Operating losses at Irish based oil and gas exploration firm Providence Resources narrowed in 2014, with the company recording a loss of €6.46 million.
That compared with €7.23 million in 2013, but overall losses rose to €11.489 million or 17.7 cent per share, up from €2.797 million or 4.33 cent in 2013.
The company raised €25.9 million through a share placing during the year, the proceeds of which were intended to fund costs associated with its multi-well drilling programme, and agreed debt facilities of $24 million with Melody. Some $20 million is scheduled for repayment in 2016. A second debt facility, worth $4 million, is to be repaid in June 2015.
Providence is continuing farm out discussions with a number of parties for its Barryroe Oil project and has applied to extend the licence to cover potential further field extensions outside of the currently licensed area.
During the year, Providence converted three Atlantic Margin licensing options -the Drombeg Oil prospect, Spanish Point South Gas Prospect and Newgrange Gas Project - into frontier exploration Licences. It also carried out new seismic surveys at the three prospects.
Chief executive Tony O’Reilly said it was a year of “significant progress” despite a challenging backdrop for the industry.

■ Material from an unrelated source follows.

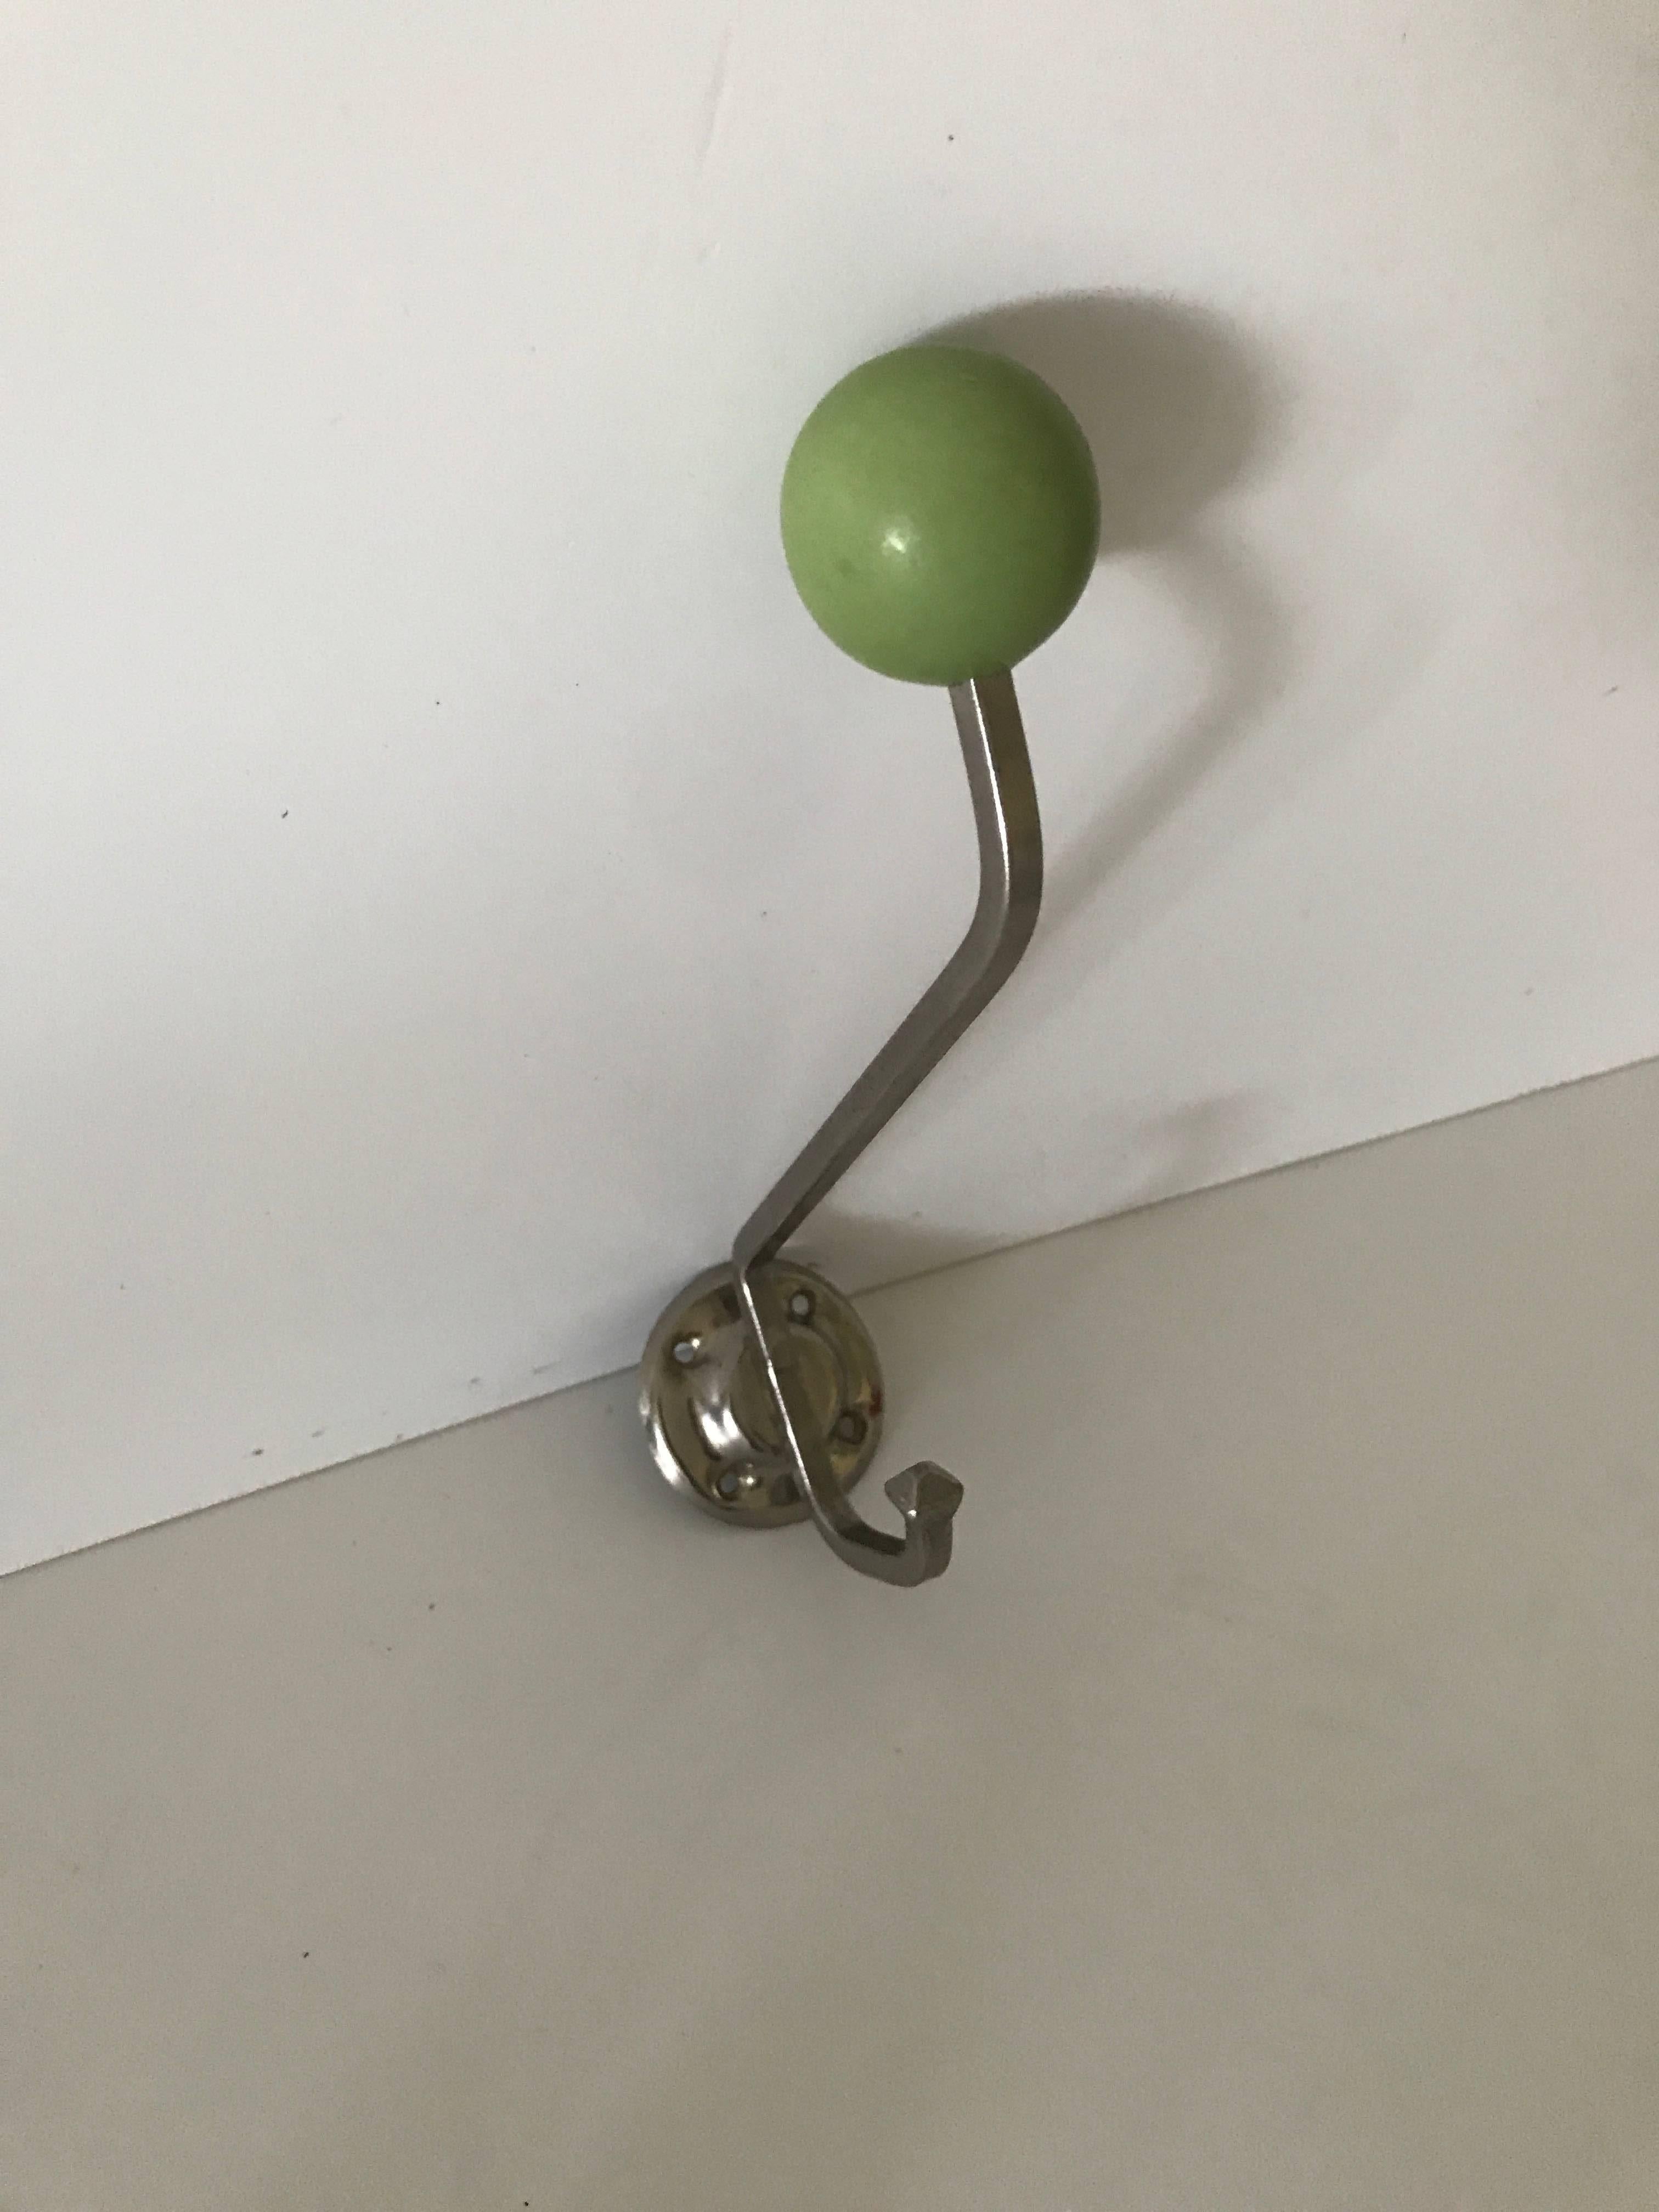 1930, Swedish Art Deco steel and Bakelite coat hangers.
Three beautiful coat hangers made of steel and a bakelite knob on top, they are in a nice original condition and without any cracks or damages. They measure 13cm out from the wall and 13cm in

"Providence remains focused on building on its diversified material exploration and appraisal portfolio offshore Ireland and will do so by continuing to leverage in partners with whom we can co-venture and who can help validate the prospectivity of our acreage," he said.
Providence said the outlook for the industry remained challenging with the current oil price environment hampering investment. However, it noted that the recent rise in oil prices and increasing M&A activity served as a positive signal for the sector, and Providence remained optimistic for its own prospects and the overall Irish oil and gas sector.